● Problem to work on:
A word-for-word copy of the data is what's wanted, with no pictures.

● Data:
--------------------

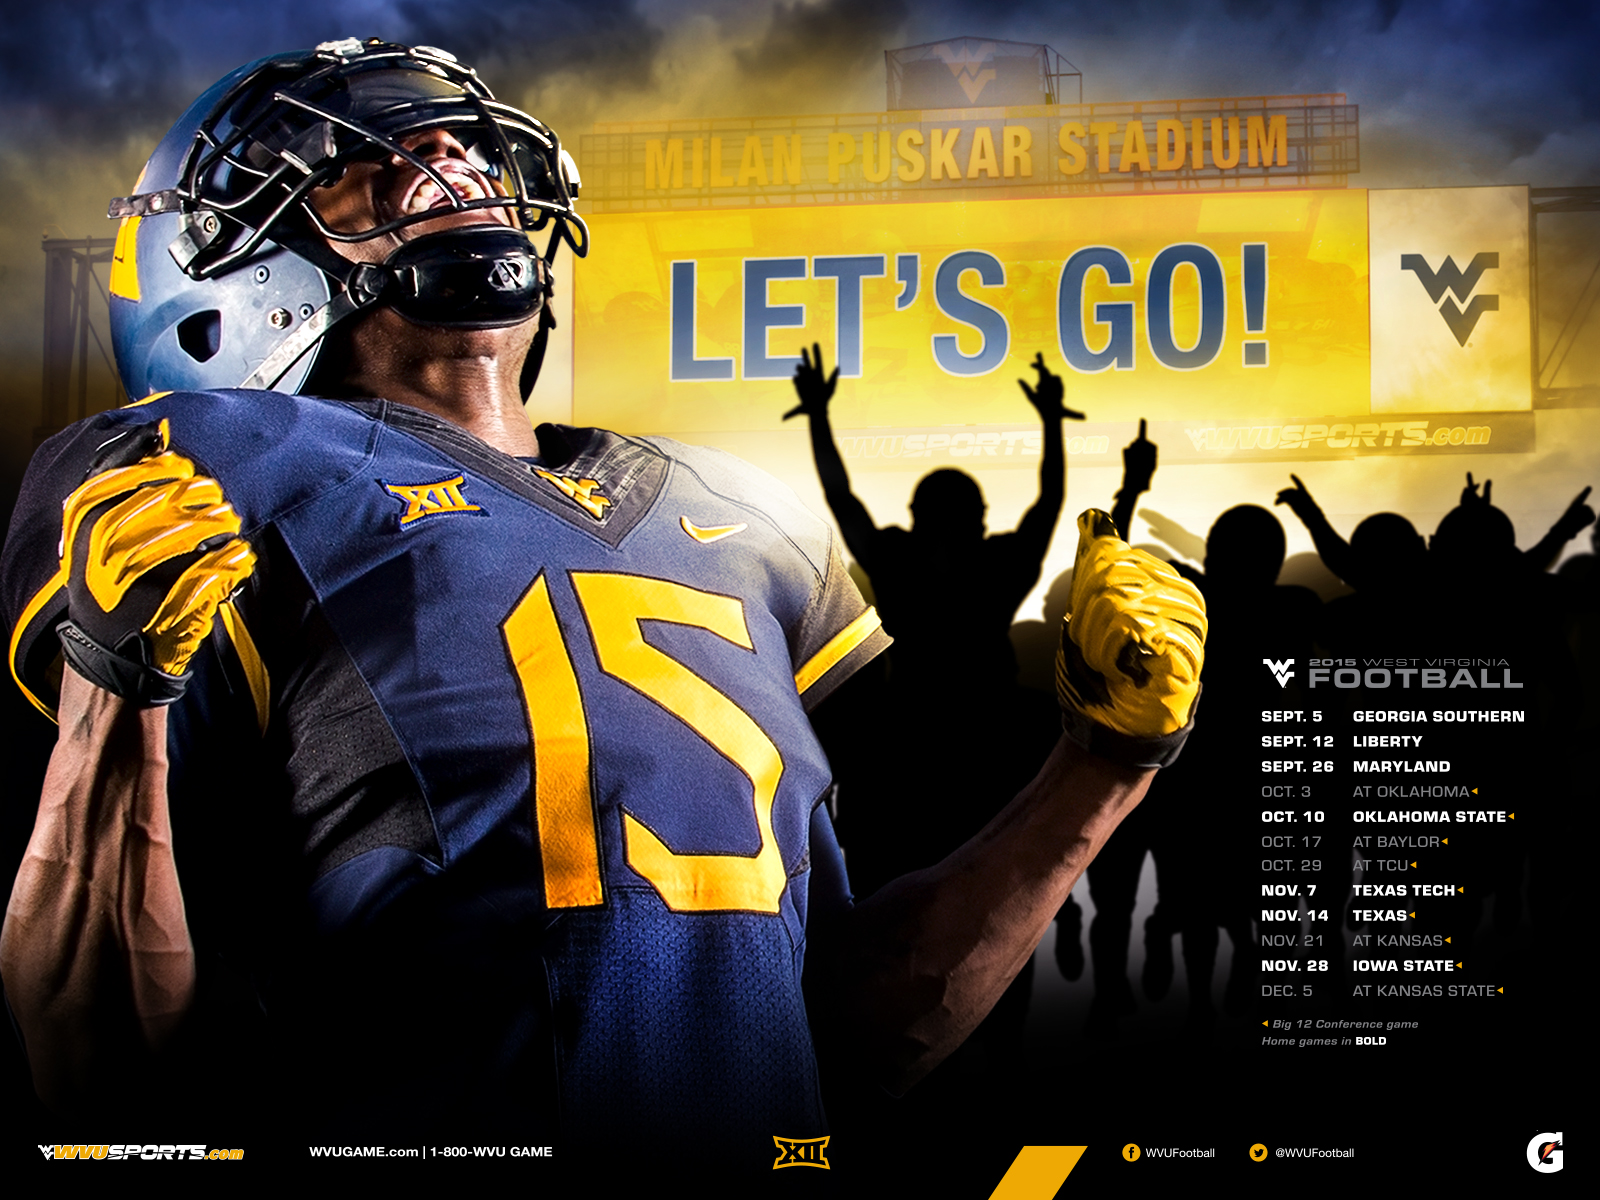 You can download a West Virginia wallpaper for you device by clicking
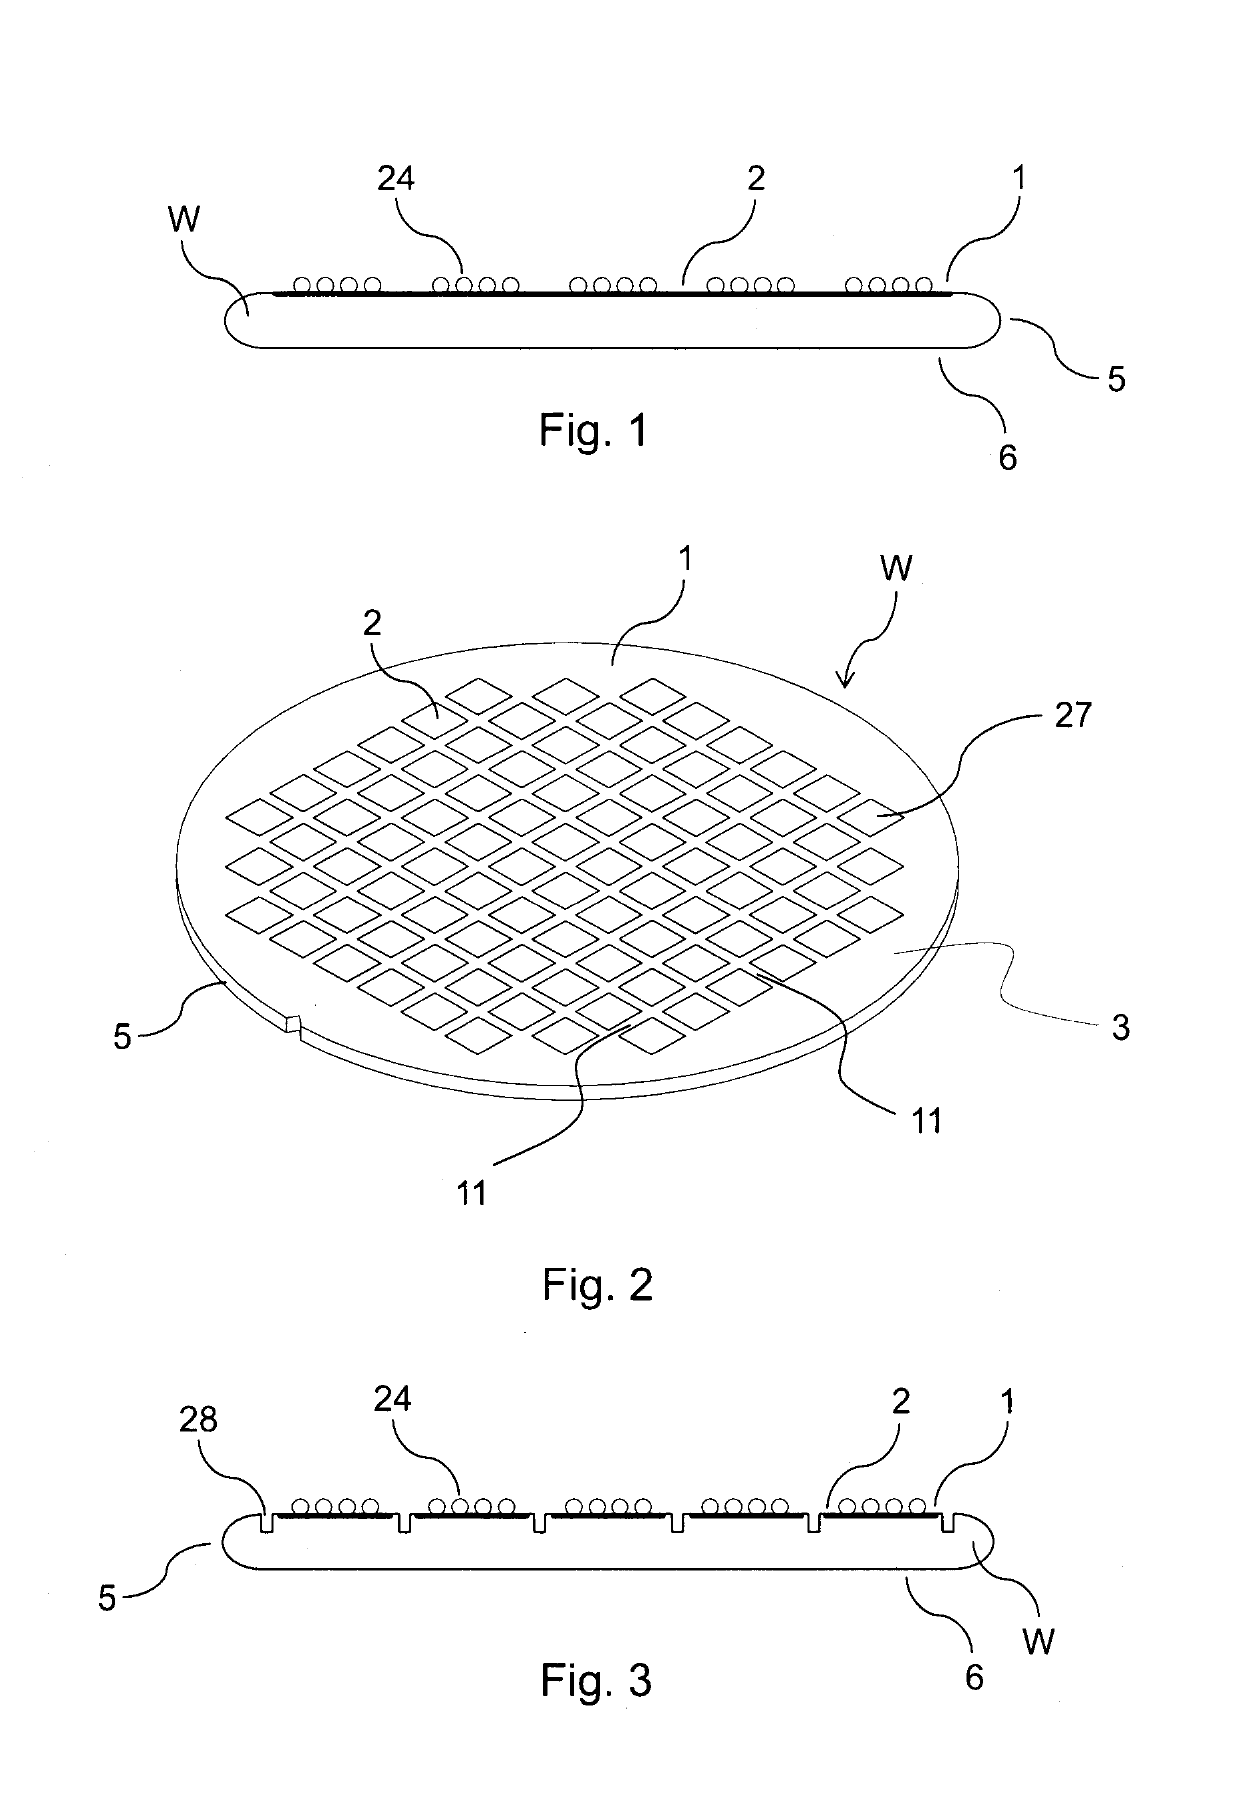 Method of processing a wafer
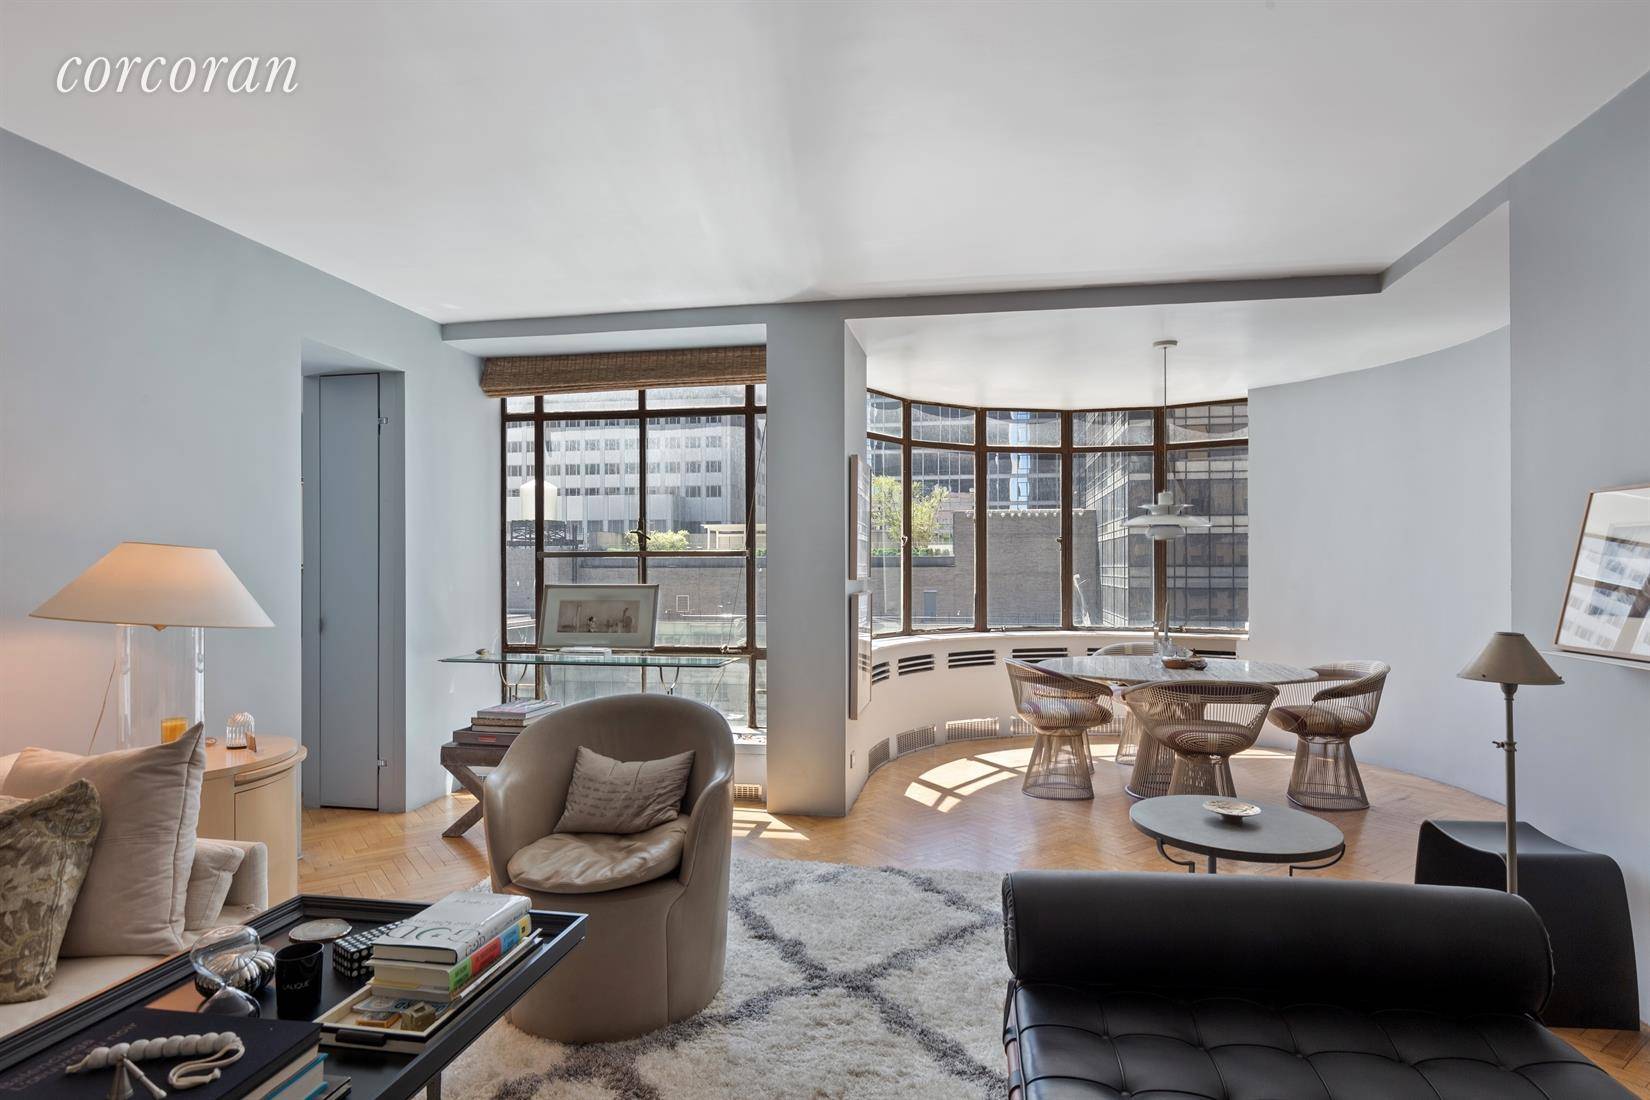 Apt. 10C, 17 West 54th Street is a glamorous, pristine extraordinarily large one bedroom in the renown Rockefeller Apartments, overlooking the Museum of Modern Art sculpture garden.

--------------------

● Reply:
 You can download a West Virginia wallpaper for you device by clicking
 Method of processing a wafer
 Apt. 10C, 17 West 54th Street is a glamorous, pristine extraordinarily large one bedroom in the renown Rockefeller Apartments, overlooking the Museum of Modern Art sculpture garden.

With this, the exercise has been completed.